• **Exercise goal**
Leave the pictures out. Return all other data exactly.

• **Provided data**
- - -
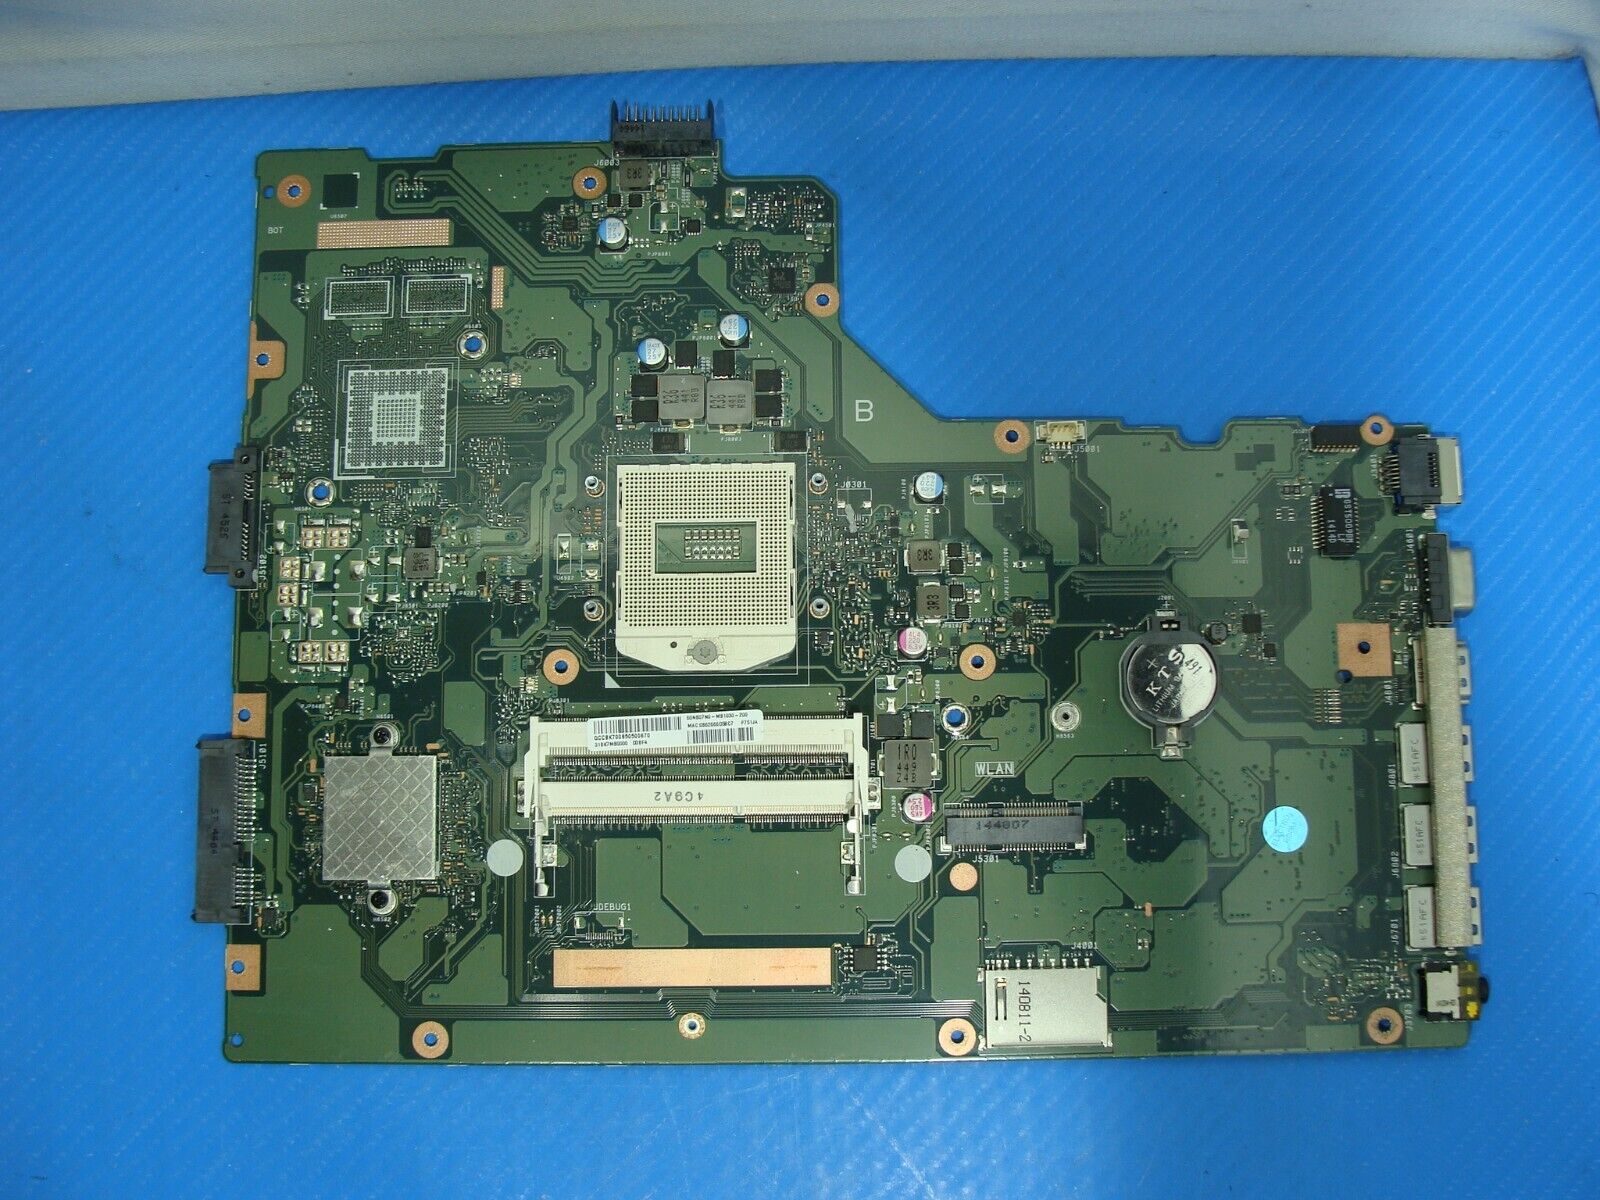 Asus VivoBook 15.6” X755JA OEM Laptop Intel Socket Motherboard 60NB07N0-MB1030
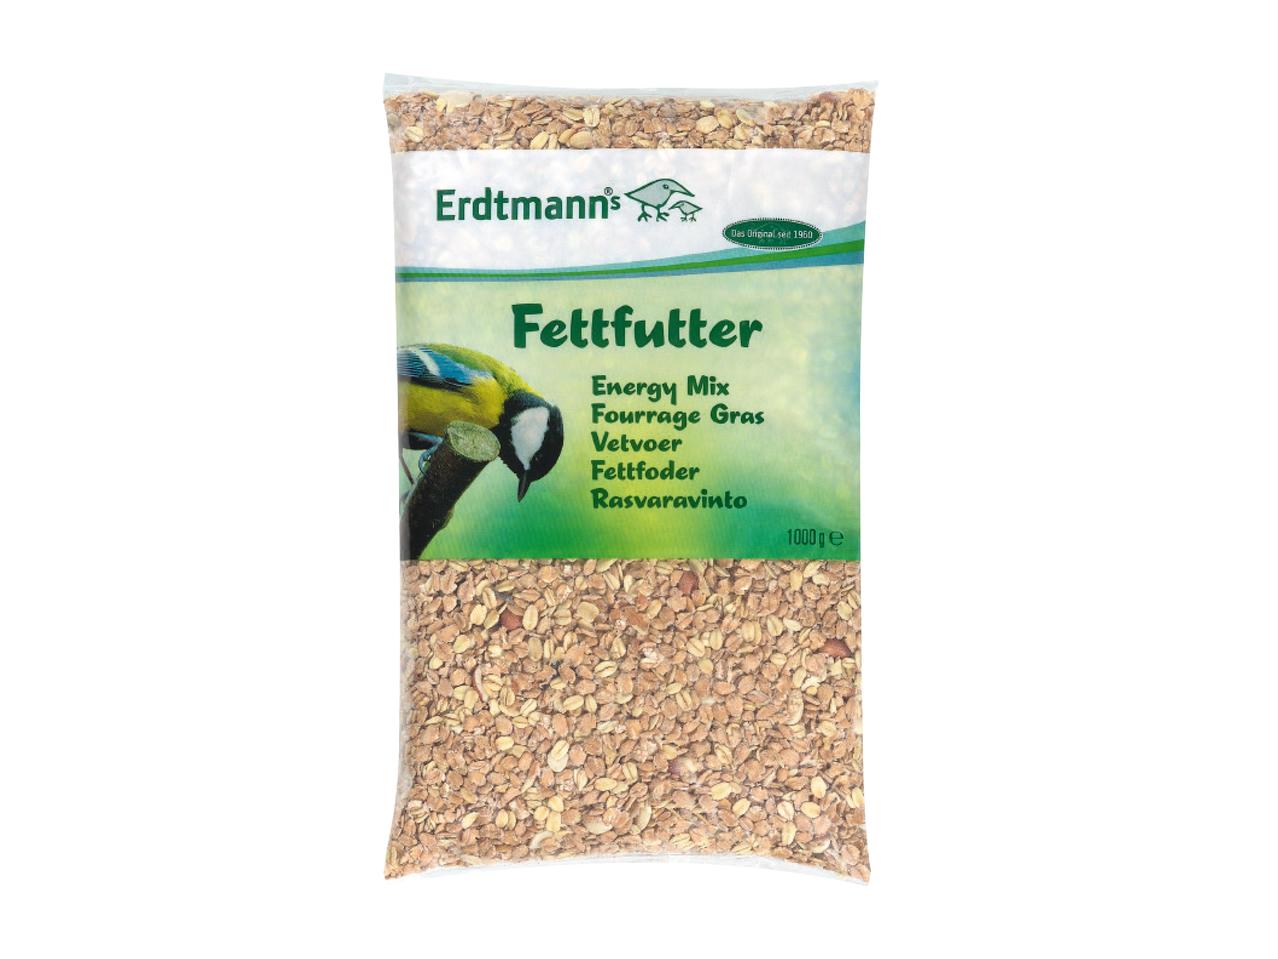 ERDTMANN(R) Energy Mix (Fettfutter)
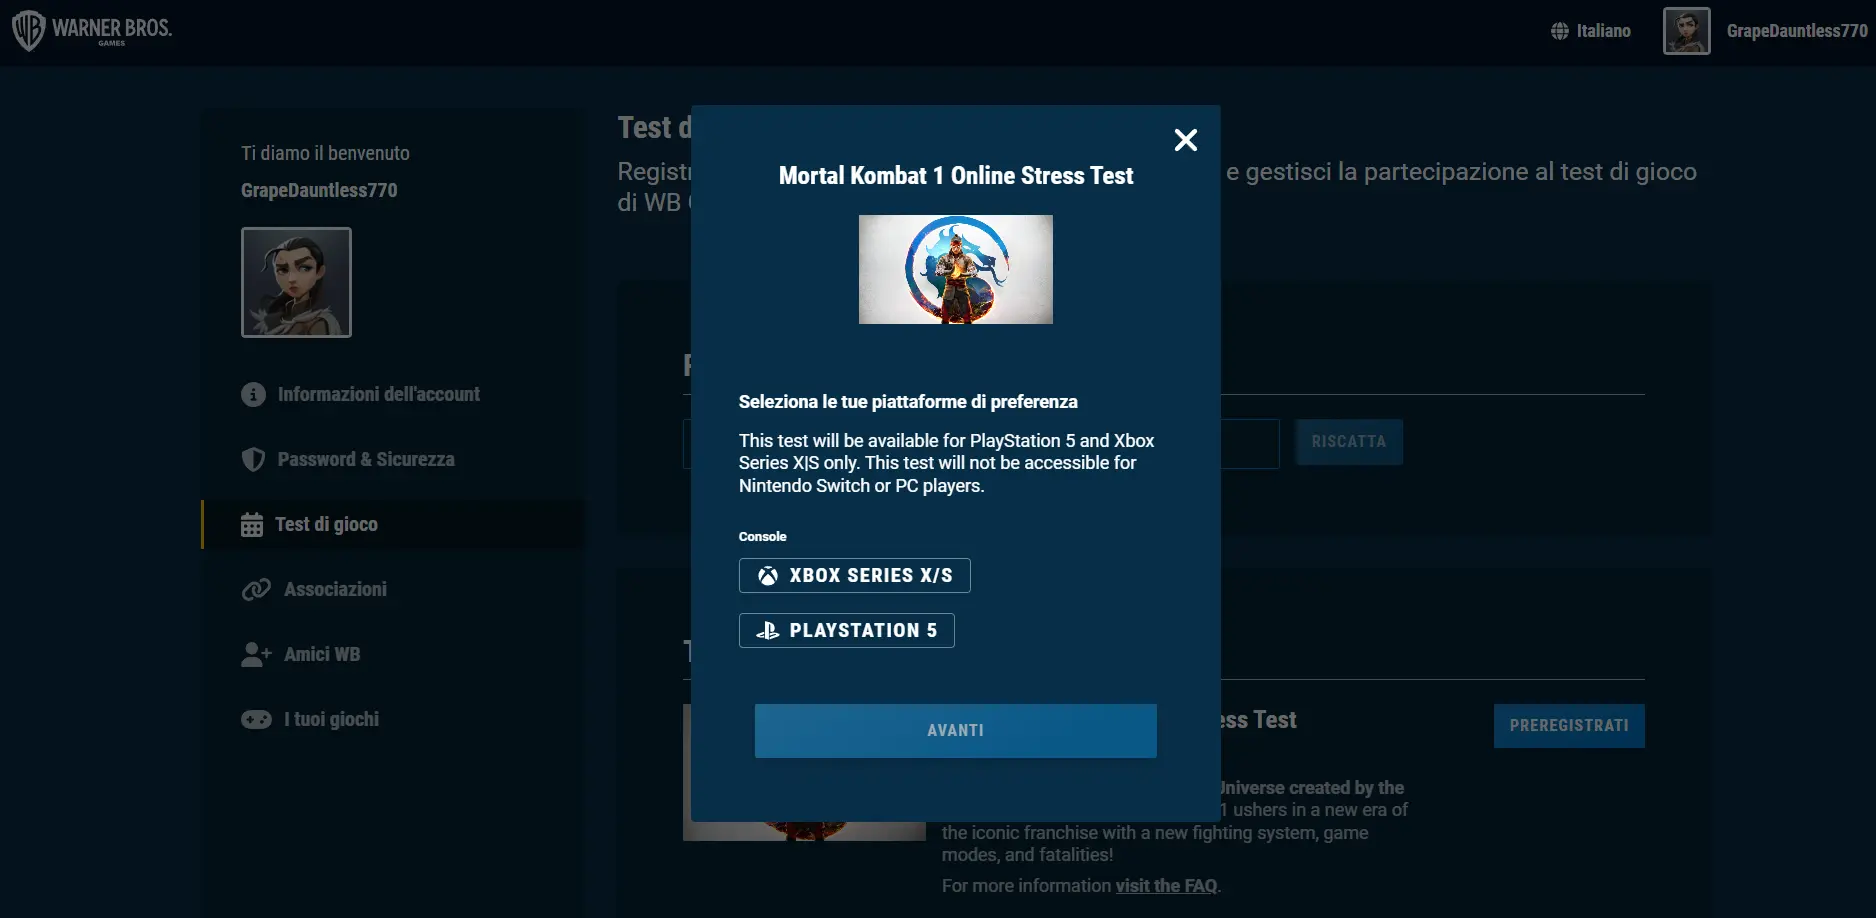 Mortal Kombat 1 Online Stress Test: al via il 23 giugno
- - -
• **Reply**
 Asus VivoBook 15.6” X755JA OEM Laptop Intel Socket Motherboard 60NB07N0-MB1030
 ERDTMANN(R) Energy Mix (Fettfutter)
 Mortal Kombat 1 Online Stress Test: al via il 23 giugno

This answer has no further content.